The transmitted points (red) visible at Laguna Capri and at the treeline. Red boxes indicate the landscape elements, Laguna Capri and Mount Fitz Roy, that allowed to identify the location of the Instagram post shown in Fig. 1.

Remote sensing occurrence data sampling with supervised classification

Analysing multispectral, medium spatial resolution satellite data like Sentinel-2 leads to cost-efficient and robust results in tree species classification over large spatial extents (Fassnacht et al. 2016; Immitzer et al. 2016; Immitzer et al. 2019). Therefore, we compiled large-scale occurrence data over the entire distribution range of N. pumilio using Sentinel-2 level 2A data (BOA) in a resolution of 20 m. As N. pumilio occurs in mono-species forests at the treeline, a medium spatial resolution was sufficient to classify the forest type while allowing analysis over almost 2000 km latitude. Furthermore, the high temporal resolution data allowed phenological differentiation with autumn and summer images. Using the R Package “sen2r” (Ranghetti et al. 2020) we downloaded summer (months December and January) and autumn (month April) Sentinel-2 data. The sensing period was 2019 to 2022. Sentinel-2 scenes with up to 50 % cloud cover were included. Most scenes had a cloud cover of 15 % or less. We used the Sentinel-2 level 2A data “Scene Classification Layer” product (SCL, Fig. 3B) to mask all raster cells not classified as vegetation. This ensured that only data relevant to the analysis was included in the classification. Downloading numerous Sentinel-2 data with different acquisition times ensured that as many vegetation pixels as possible from a Sentinel-2 scene were included in the classification, despite high cloud cover.

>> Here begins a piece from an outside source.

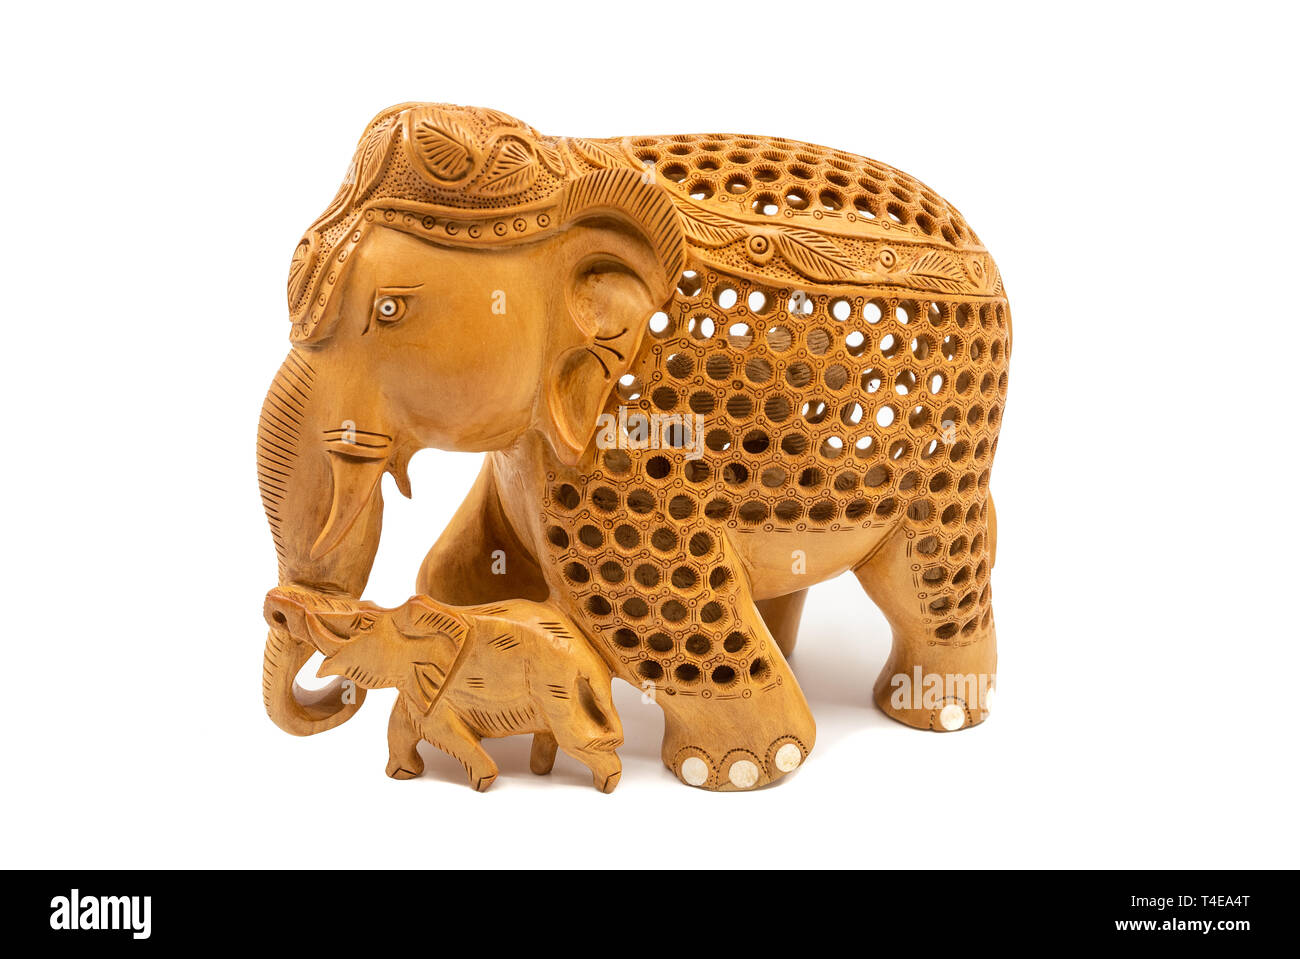 Tradizionale elefante scolpito la madre e il bambino statua souvenir, isolato su uno sfondo bianco Foto Stock
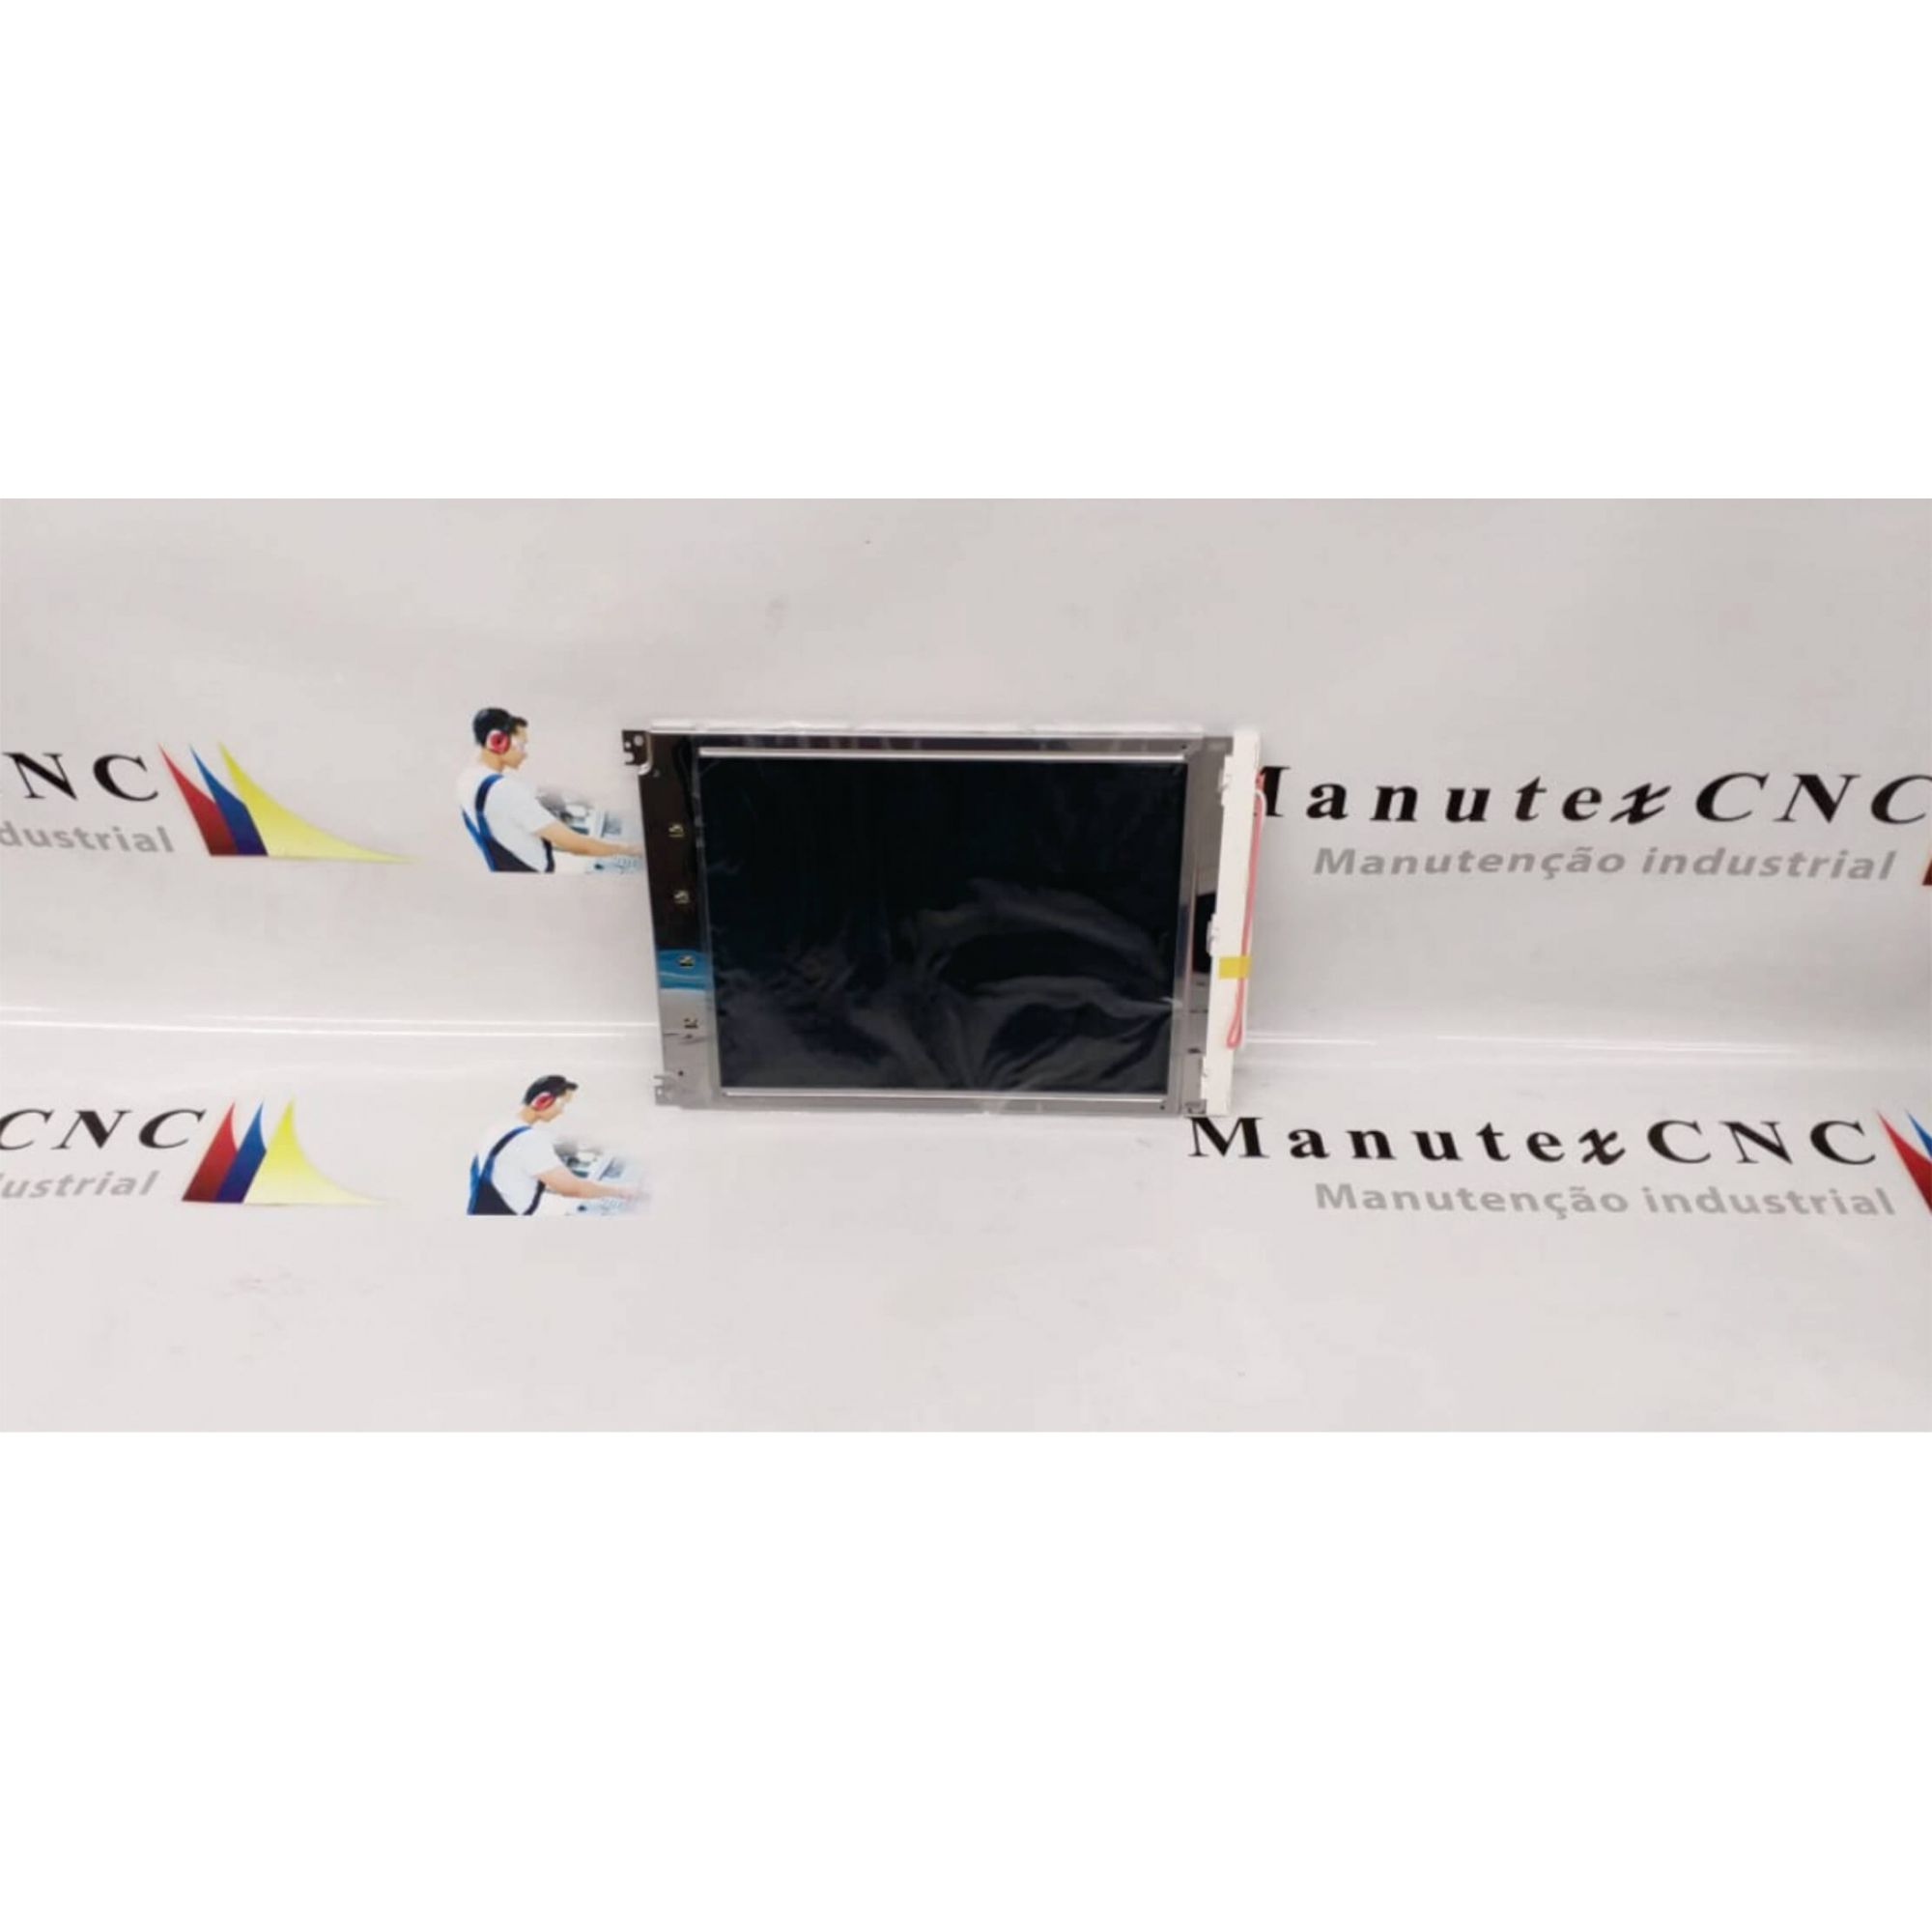 MD800TT10-C1 | DISPLAY LCD | FANUC

We trained our Supervised Classification with training areas including three classes (1 = N. pumilio, 2 = Evergreen vegetation, 3 = Low vegetation). Training areas were created using summer, autumn and winter Sentinel-2 scenes at selected sites across the range. The winter data made evergreen vegetation clearly recognisable. Autumn colouring at the treeline indicated N. pumilio. We tested various classification algorithms for Supervised Classification, including well-performing standard algorithms like Maximum Likelihood, Minimum Distance, and Spectral Angle, as well as the decision tree-based Random Forest algorithm. The performance of these algorithms was measured using overall accuracy and the Kappa value (Richards 2022). To cover a wide spectral range, we used all the spectral bands from 2 to 7, 8a, 11 and, 12. All preprocessing steps and the Supervised Classification, which are visualised in Fig. 3, were carried out in R (R Core Team 2023) and SAGA GIS (Conrad et al. 2015). Map visualisation was performed in ArcGIS Pro software by Esri, version 2.7.0.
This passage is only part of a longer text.